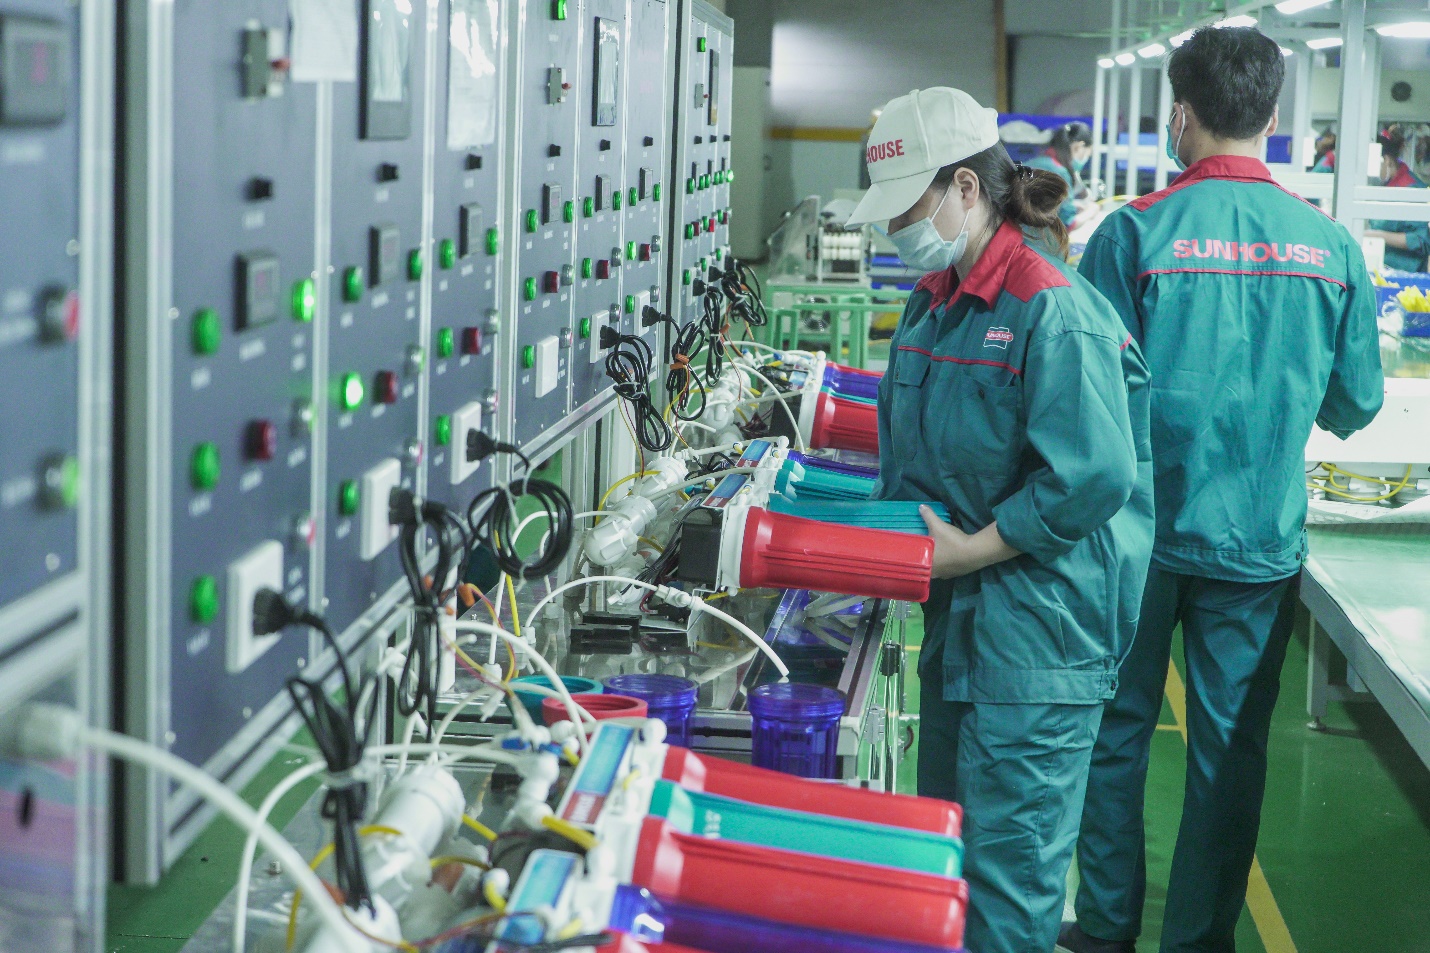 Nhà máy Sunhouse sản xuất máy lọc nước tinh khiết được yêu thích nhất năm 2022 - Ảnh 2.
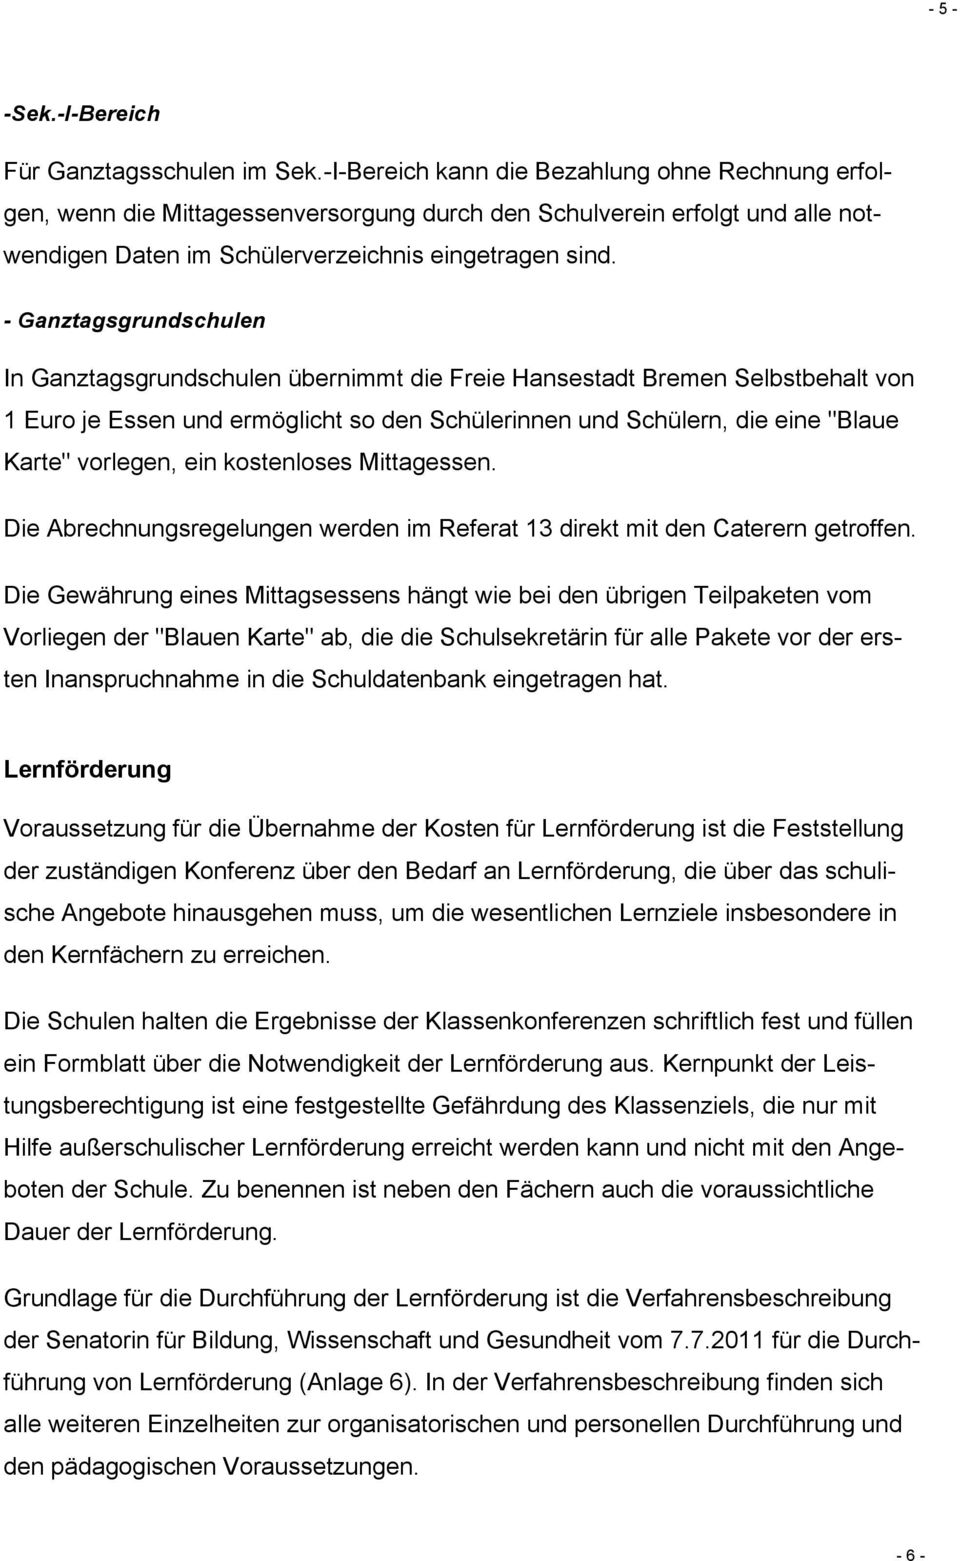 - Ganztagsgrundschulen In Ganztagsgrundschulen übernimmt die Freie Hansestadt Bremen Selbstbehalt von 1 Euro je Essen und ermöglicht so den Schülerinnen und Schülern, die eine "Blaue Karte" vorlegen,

==

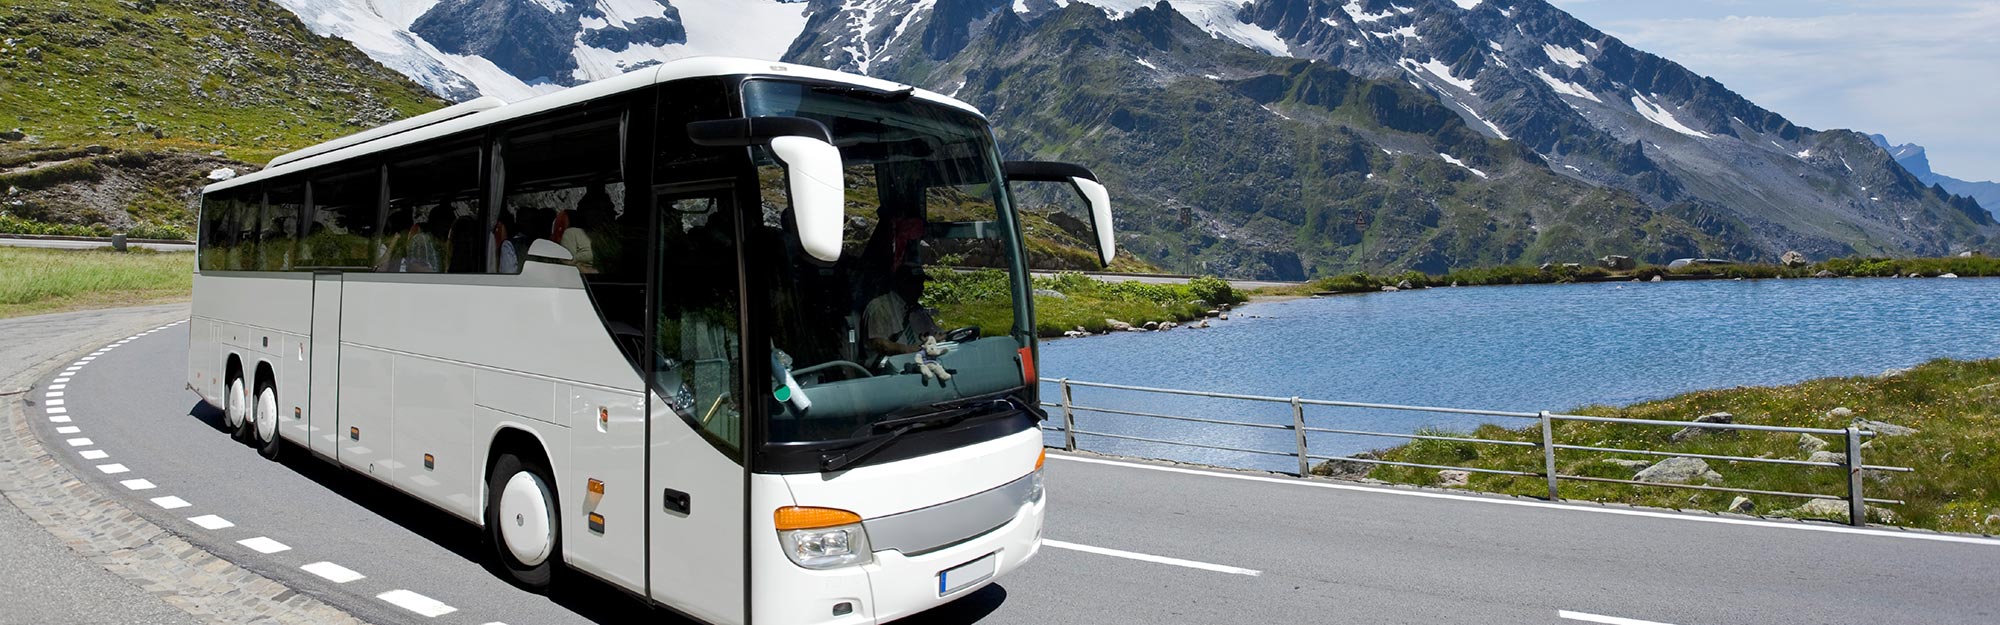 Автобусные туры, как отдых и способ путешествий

— Work required —
A verbatim reproduction is expected: starting at the line above that has "Nhà máy Sunhouse", ending at the line that has "- Ganztagsgrundschulen In", both included, and with no pictures and no other lines.

— Exercise output —
 Nhà máy Sunhouse sản xuất máy lọc nước tinh khiết được yêu thích nhất năm 2022 - Ảnh 2.
 - Ganztagsgrundschulen In Ganztagsgrundschulen übernimmt die Freie Hansestadt Bremen Selbstbehalt von 1 Euro je Essen und ermöglicht so den Schülerinnen und Schülern, die eine "Blaue Karte" vorlegen,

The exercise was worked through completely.